-- Given information follows --

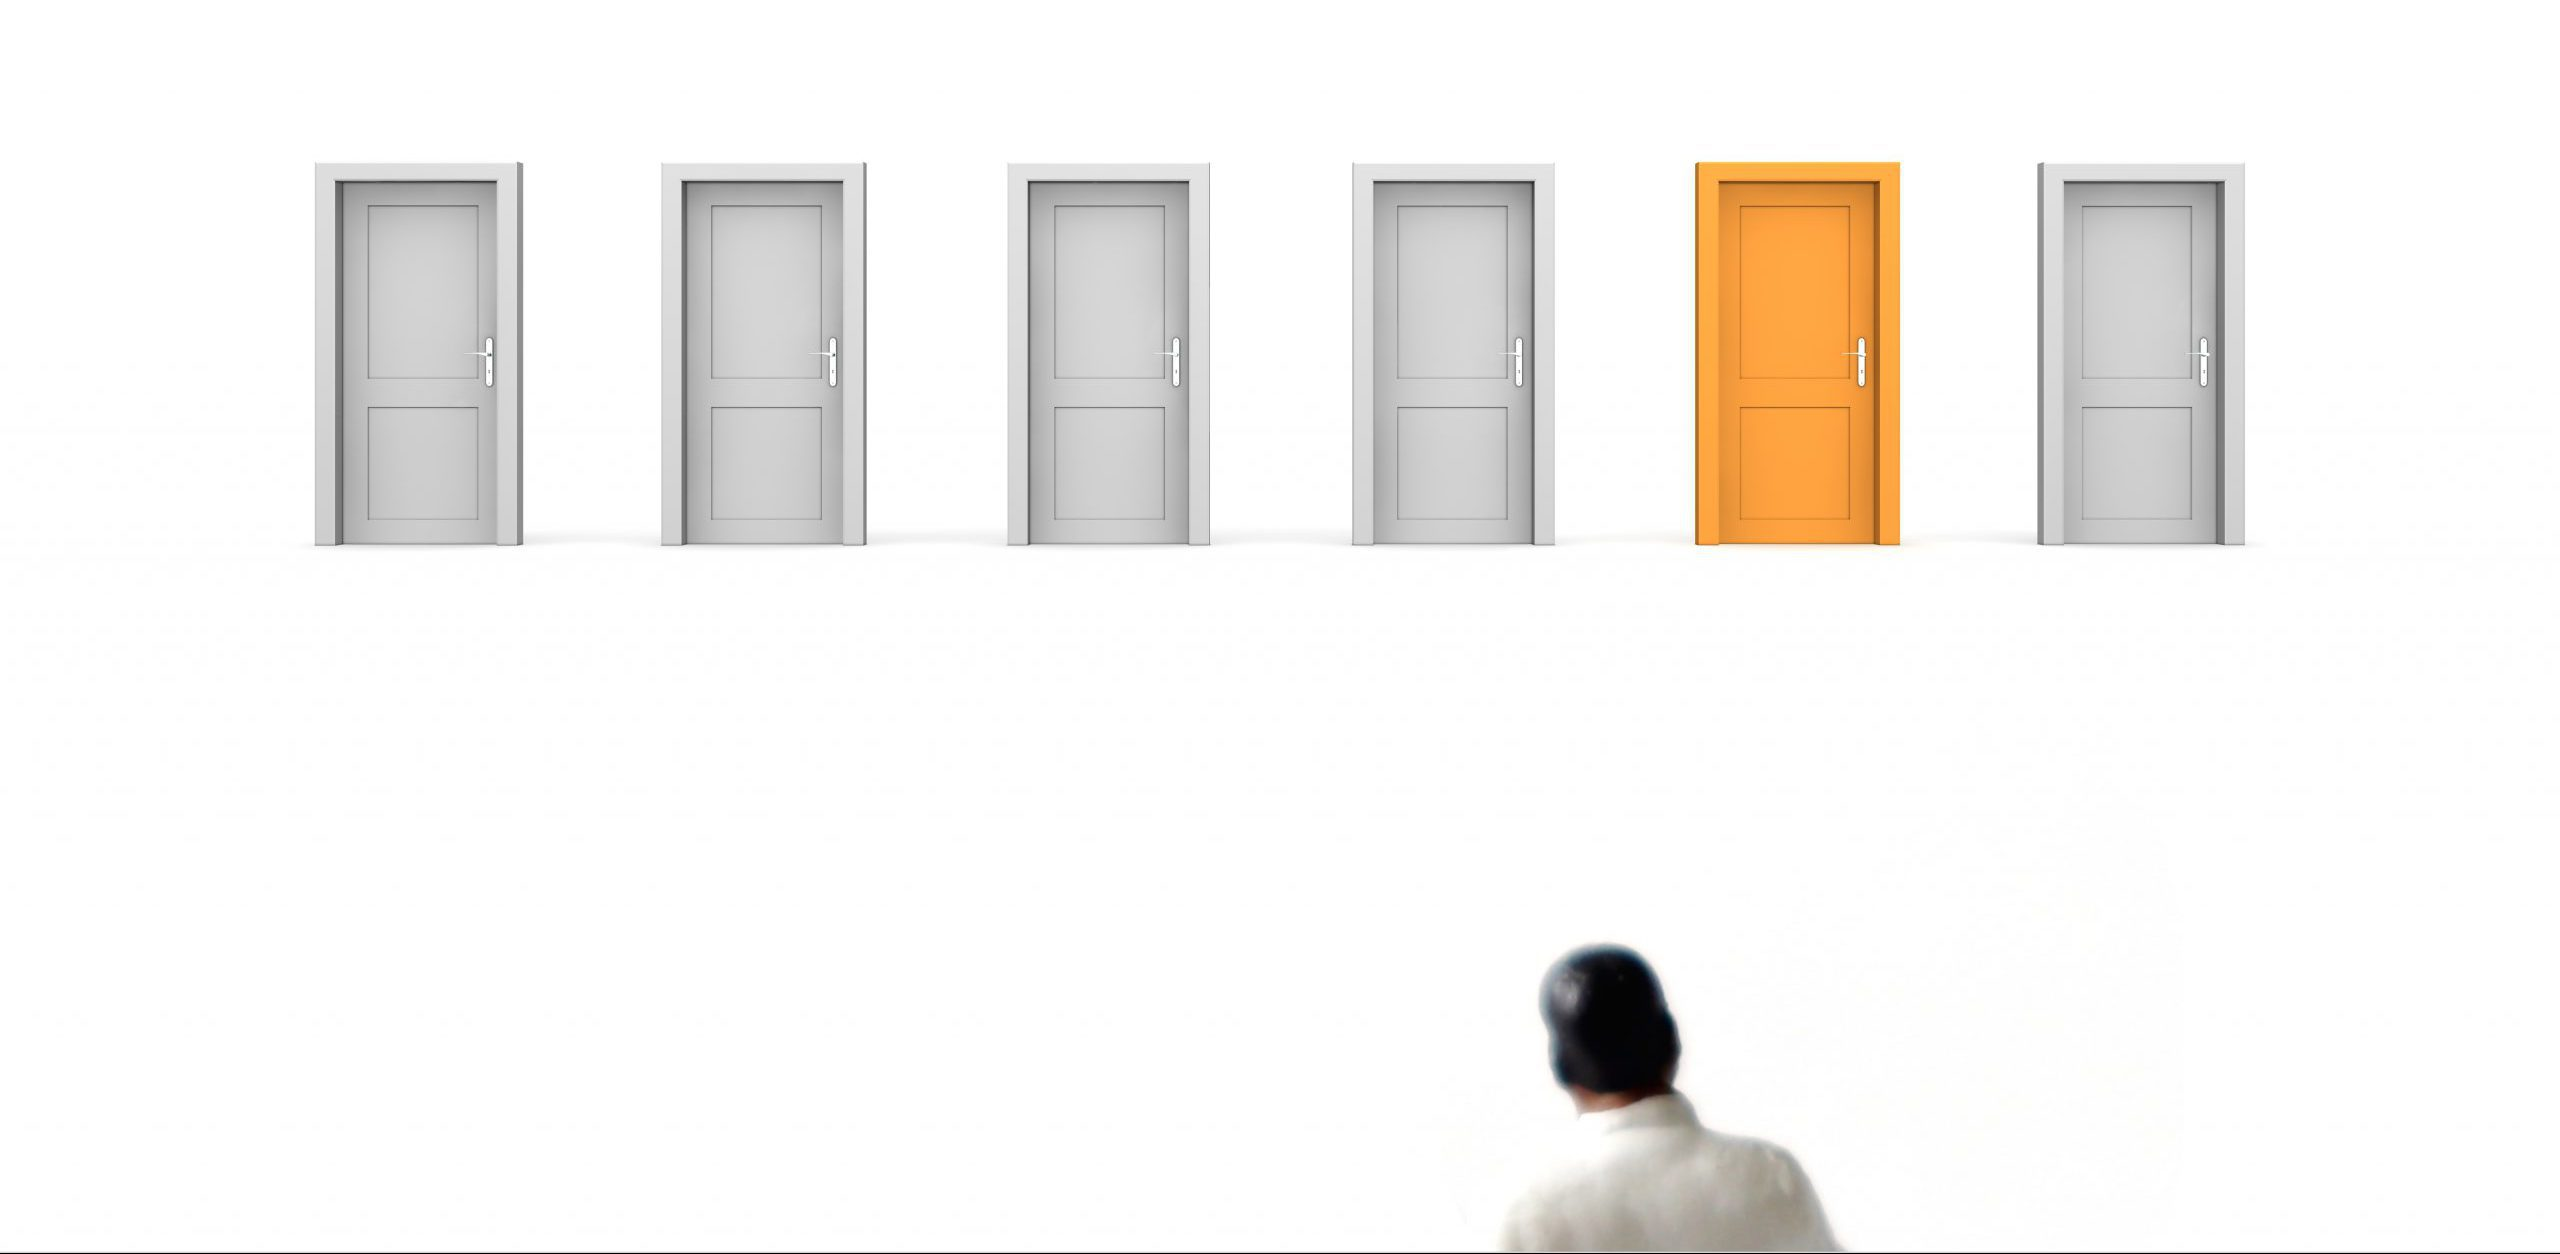 Man standing in front of closed doors
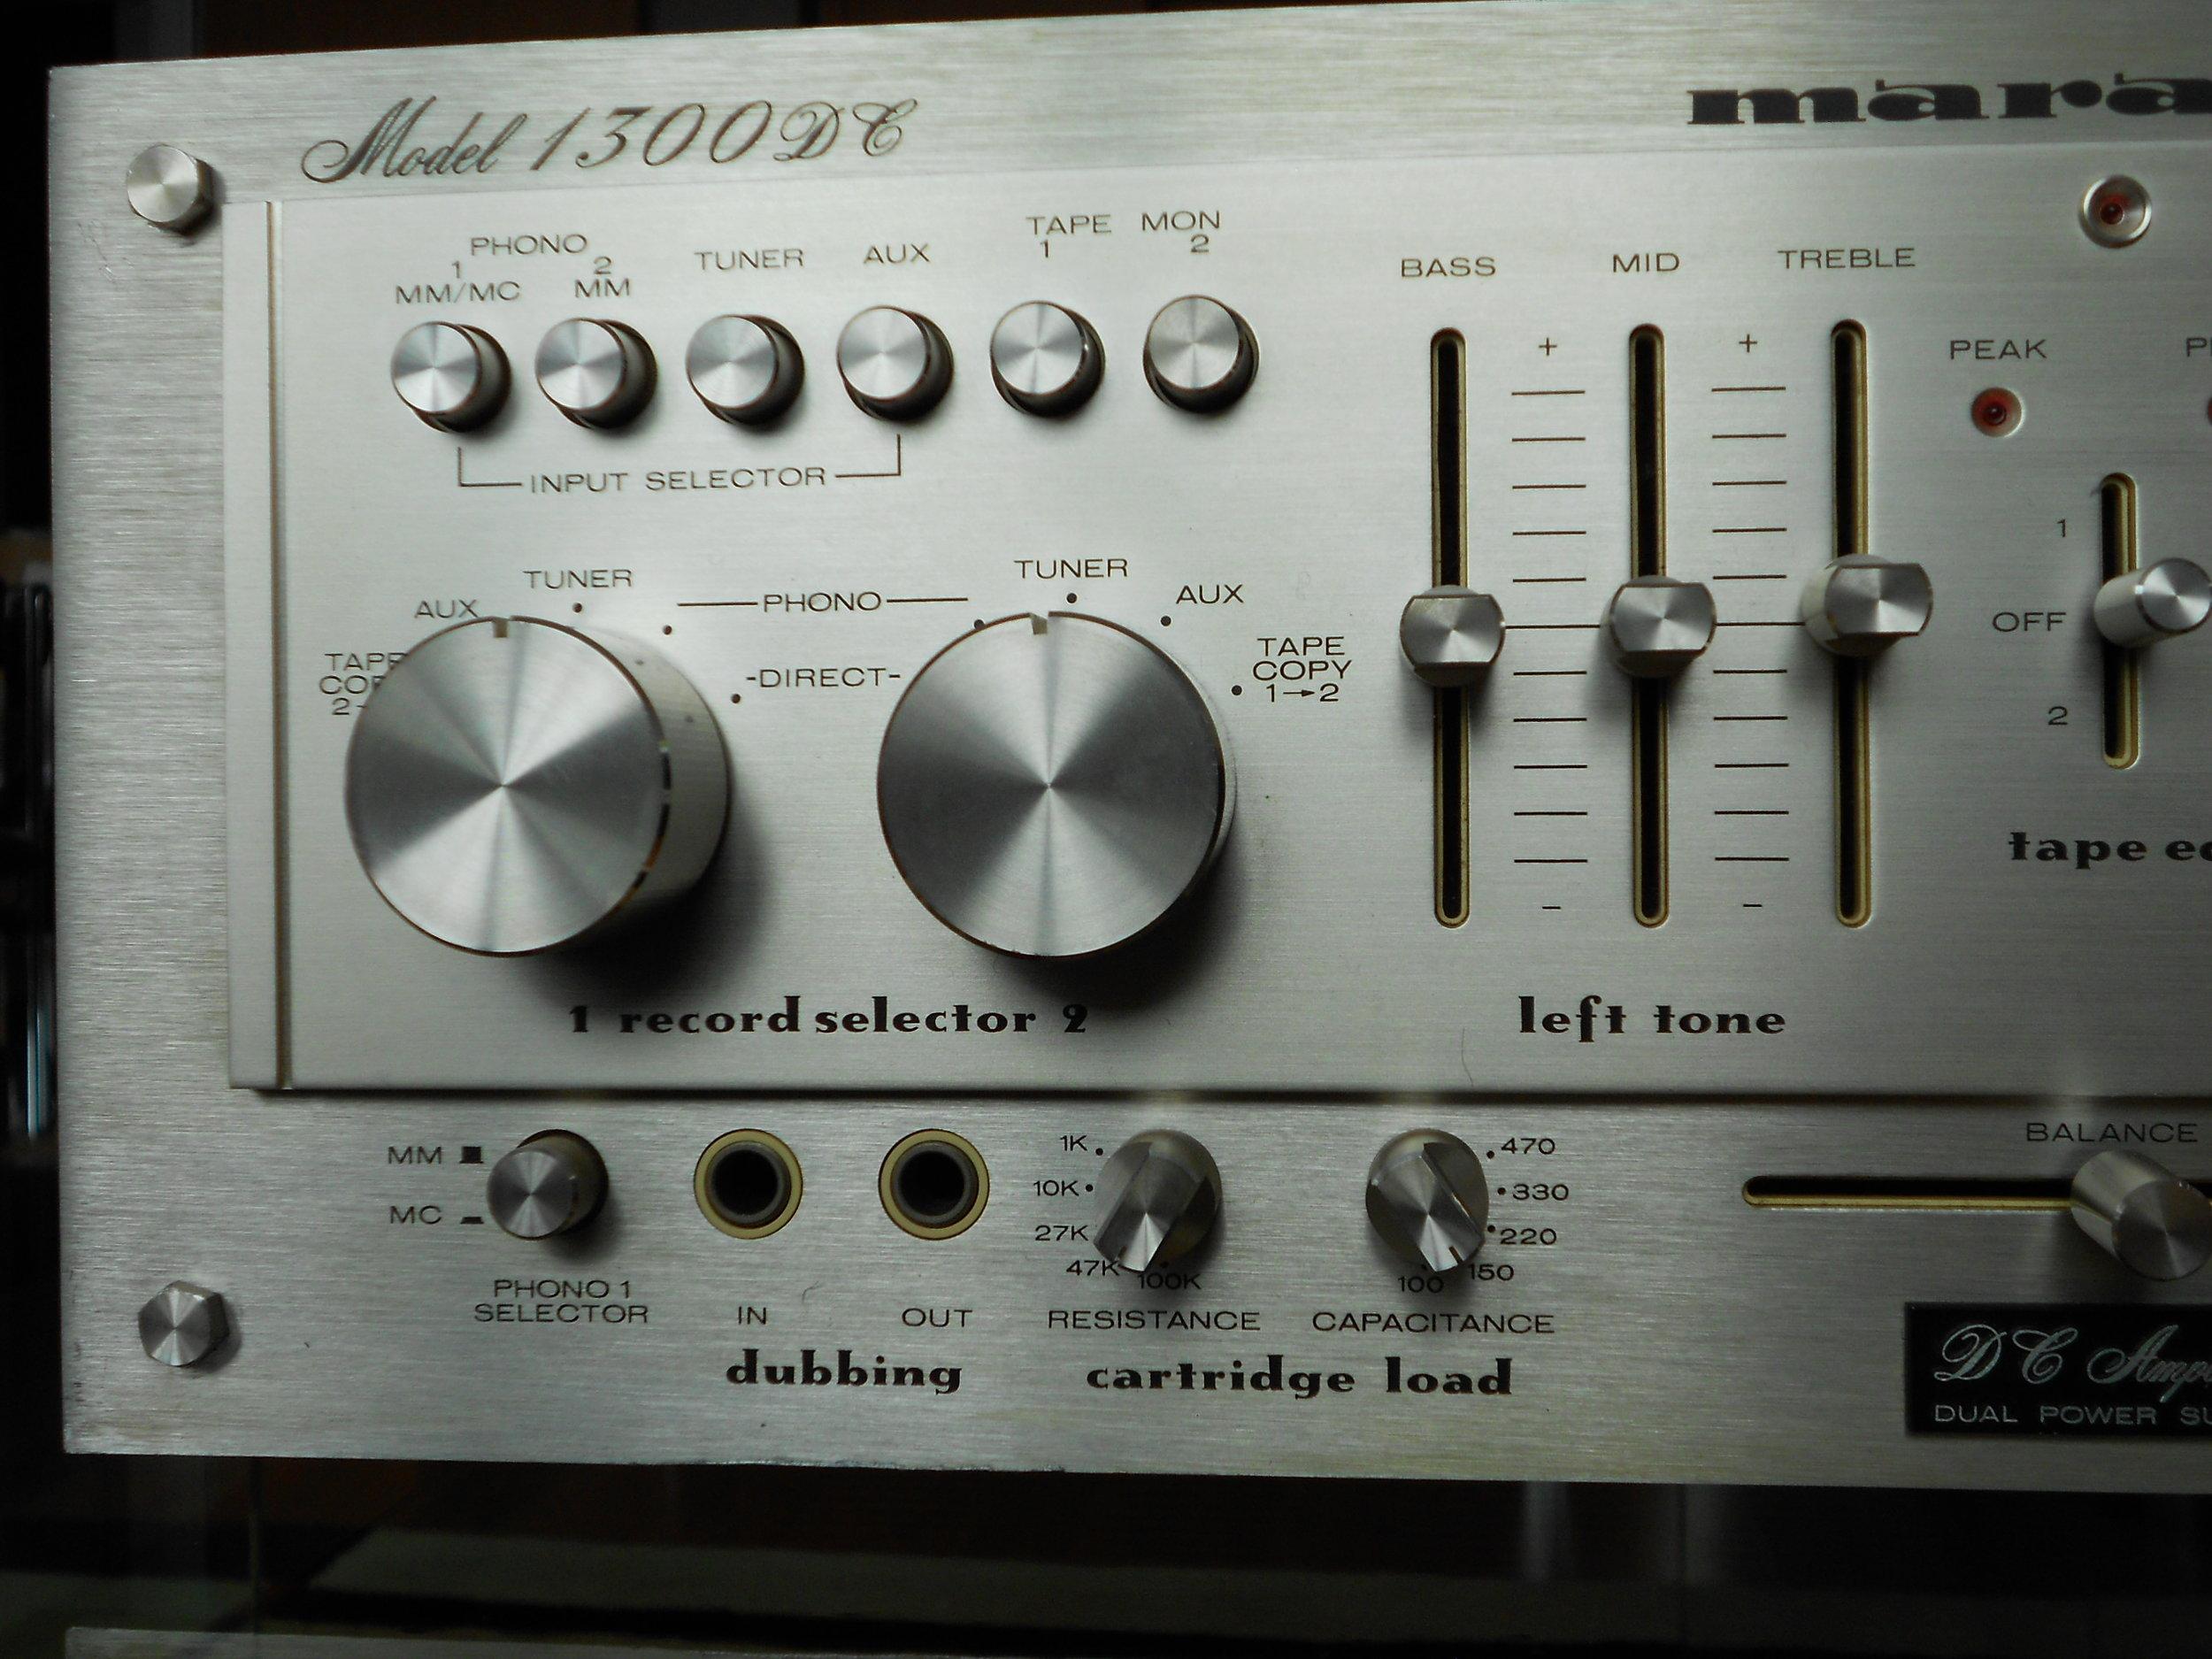 Marantz 1300DC amplifier
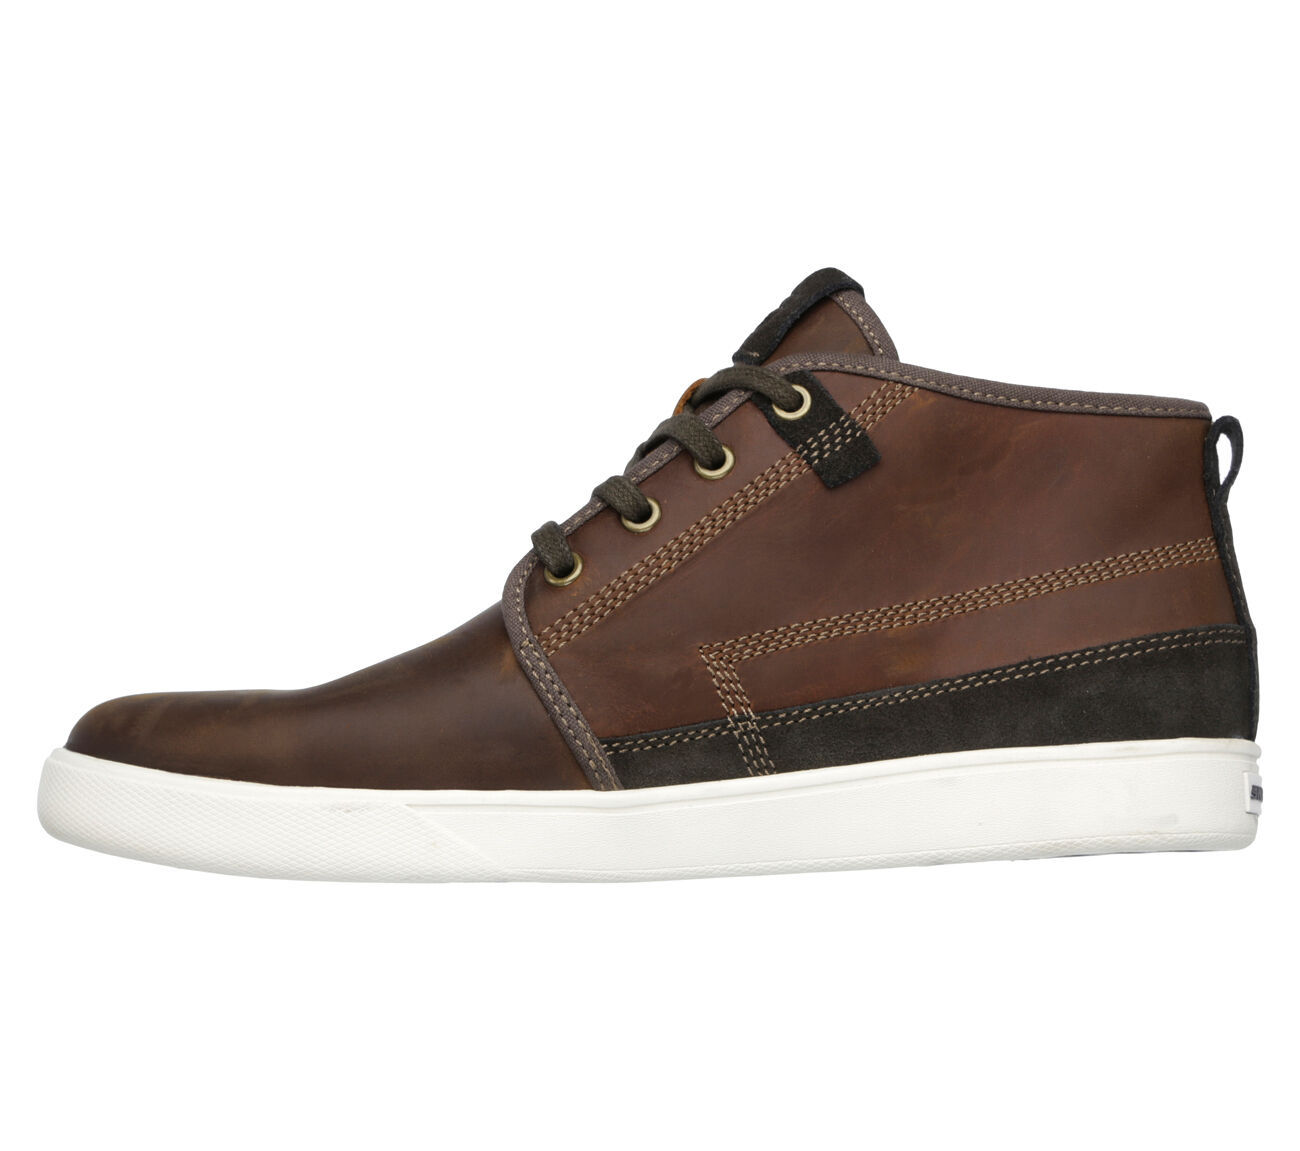 Men's SKECHERS CLASSIC FIT: Venice - Macklin Casual Shoe, 64875 CDB Sizes 8-14

-- Given information concluded --

Task to complete -> With the pictures set aside, copy each line above as written.

Exercise output ->
 Man standing in front of closed doors
 Marantz 1300DC amplifier
 Men's SKECHERS CLASSIC FIT: Venice - Macklin Casual Shoe, 64875 CDB Sizes 8-14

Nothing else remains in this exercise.